── Supplied data
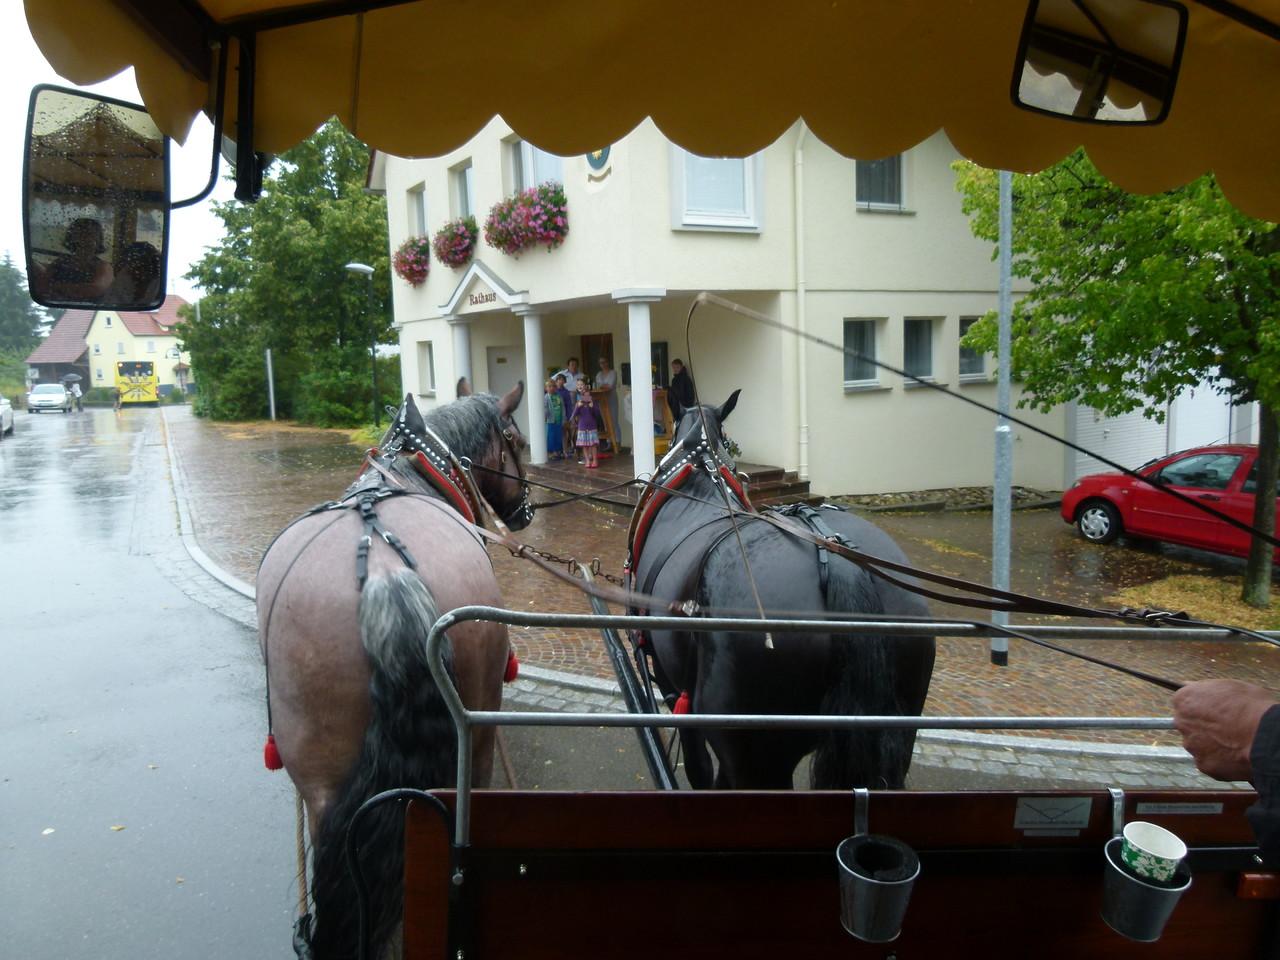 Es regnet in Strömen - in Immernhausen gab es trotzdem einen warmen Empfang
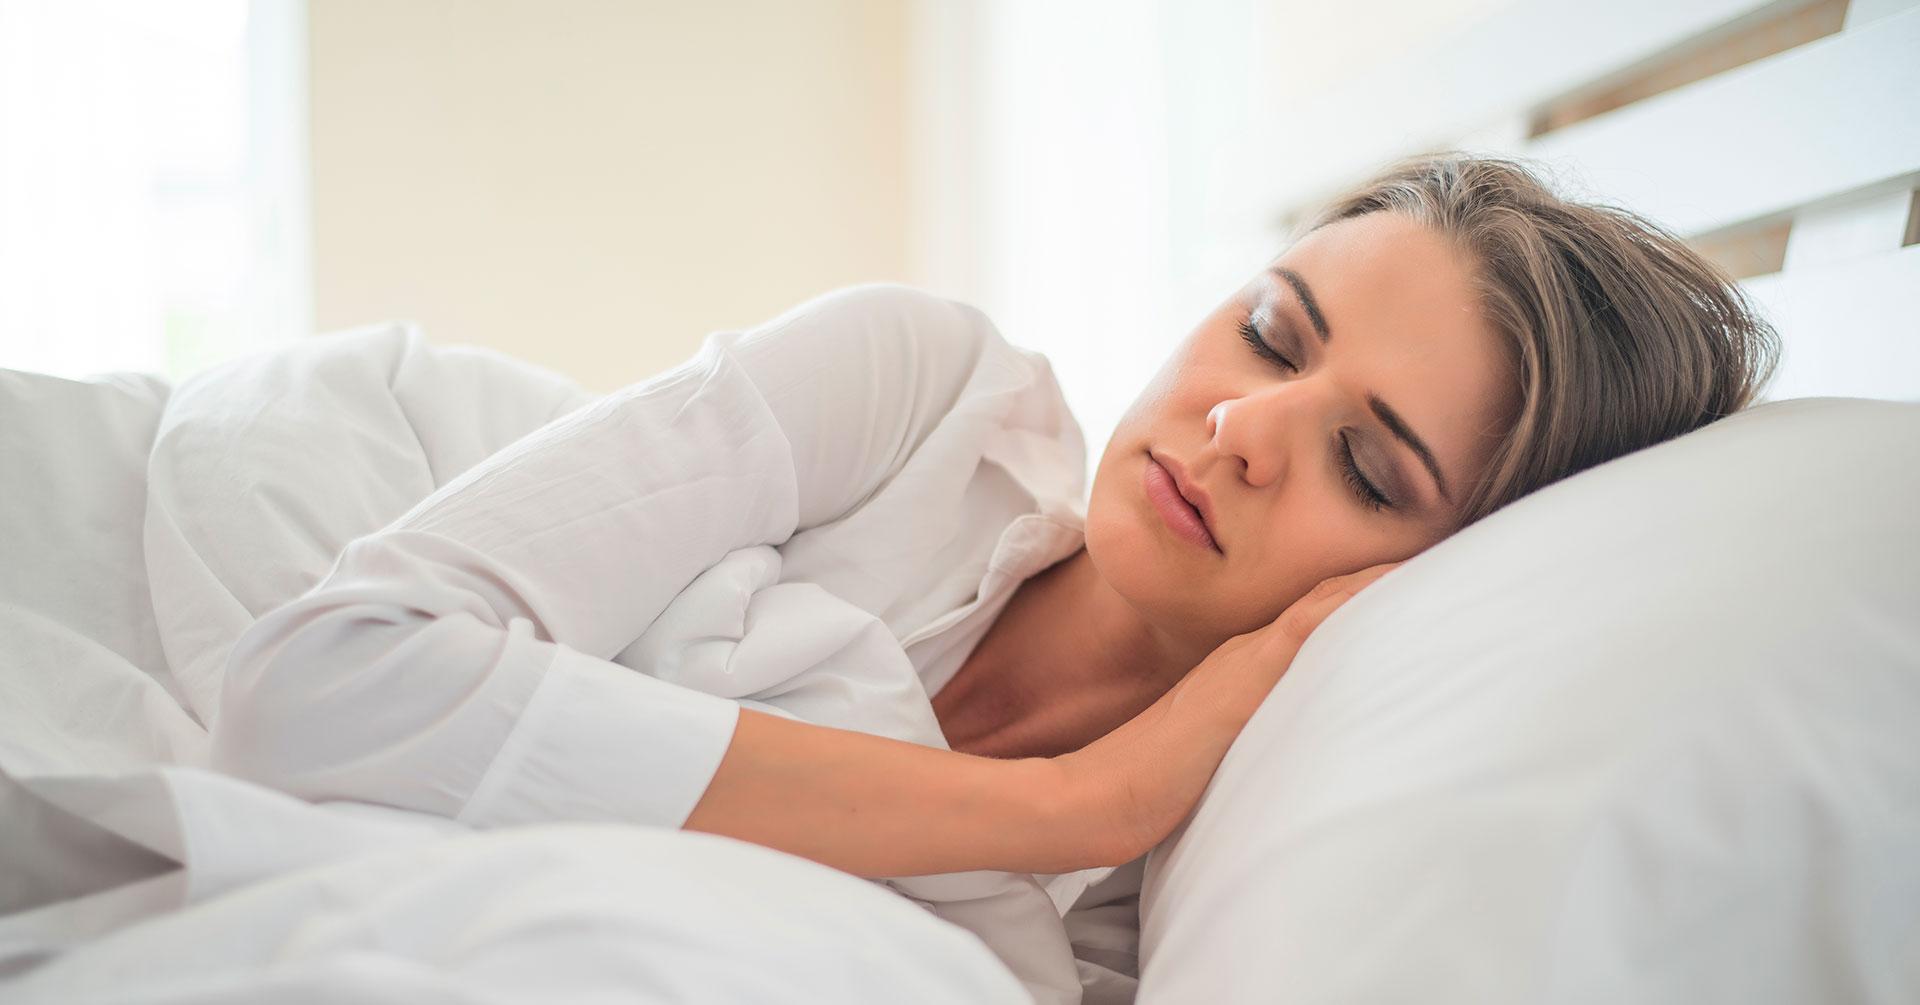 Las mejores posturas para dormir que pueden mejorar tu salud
────
── Supplied data
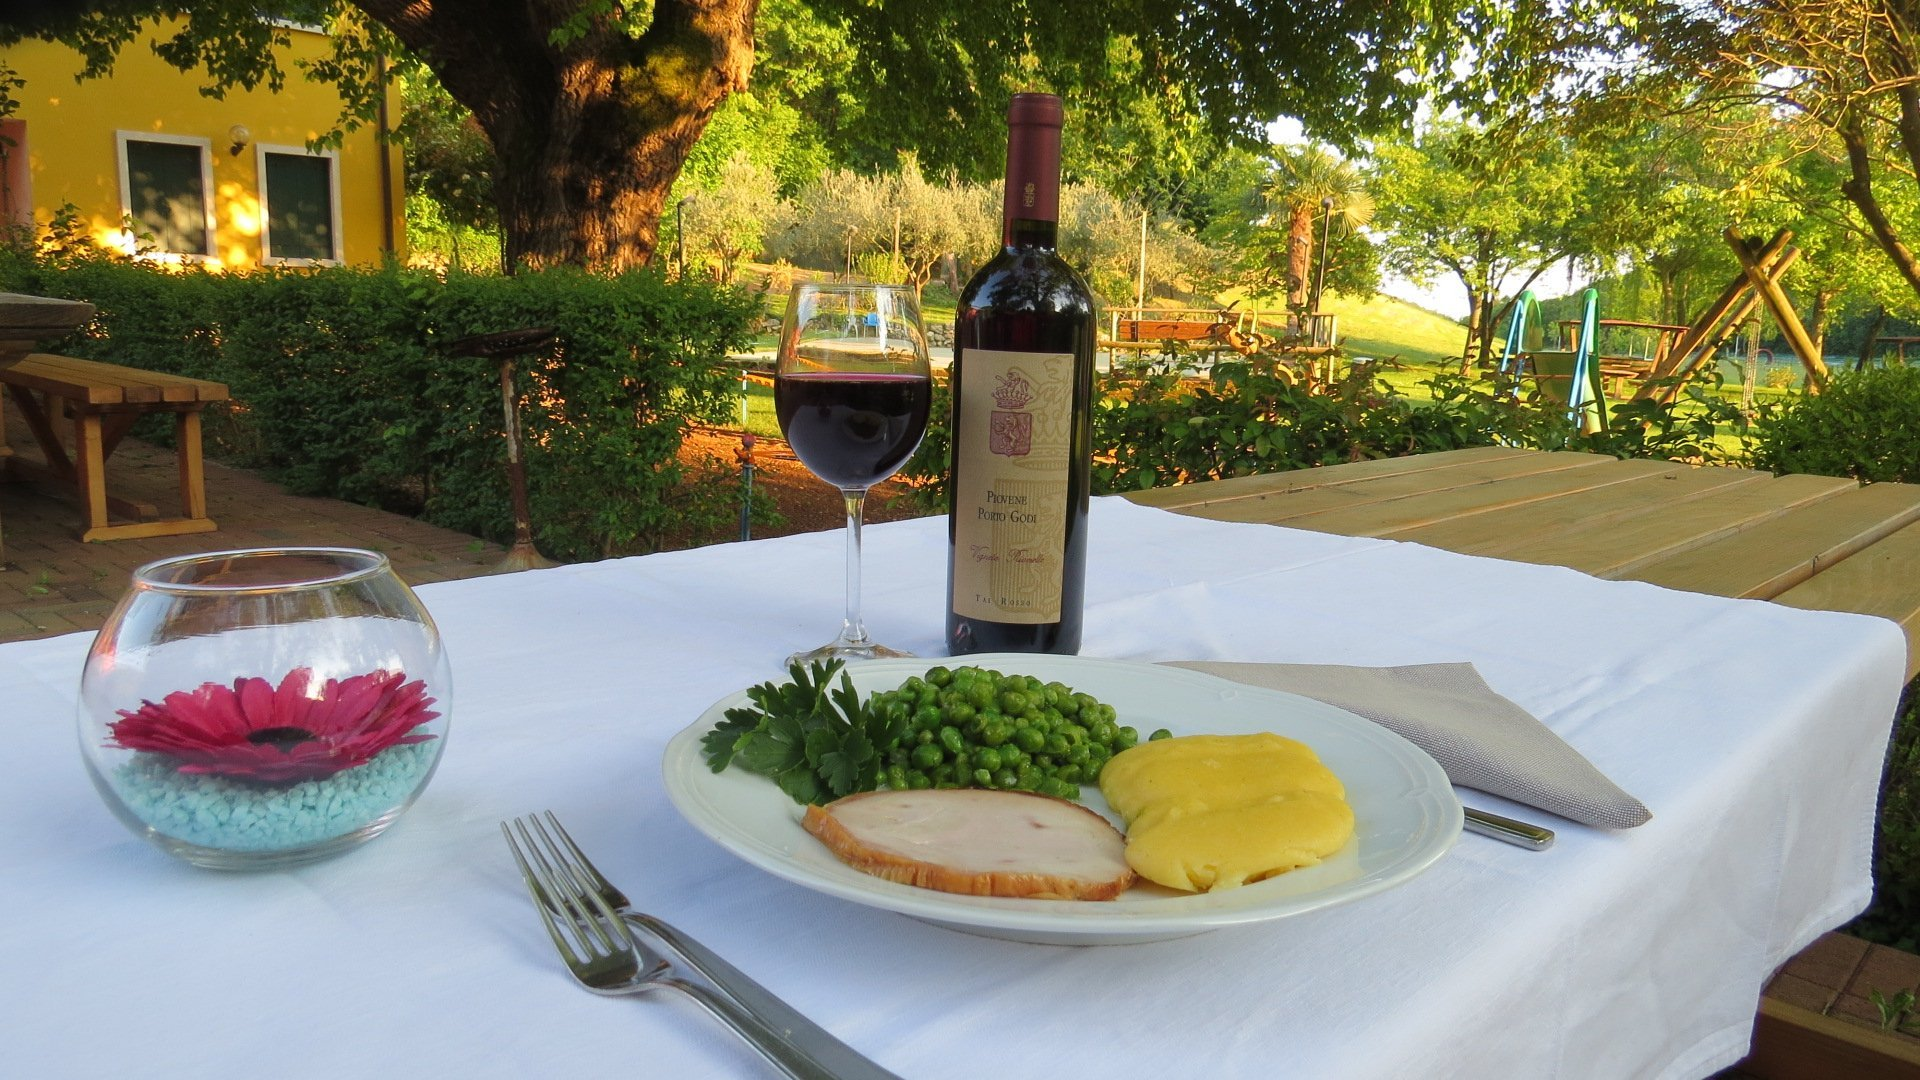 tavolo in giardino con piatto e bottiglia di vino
────
Your objective – Nothing but the lines from the one with "Es regnet in" to the one with "Las mejores posturas" above, both included, should be transcribed, exactly and without pictures.

The completed task –
 Es regnet in Strömen - in Immernhausen gab es trotzdem einen warmen Empfang
 Las mejores posturas para dormir que pueden mejorar tu salud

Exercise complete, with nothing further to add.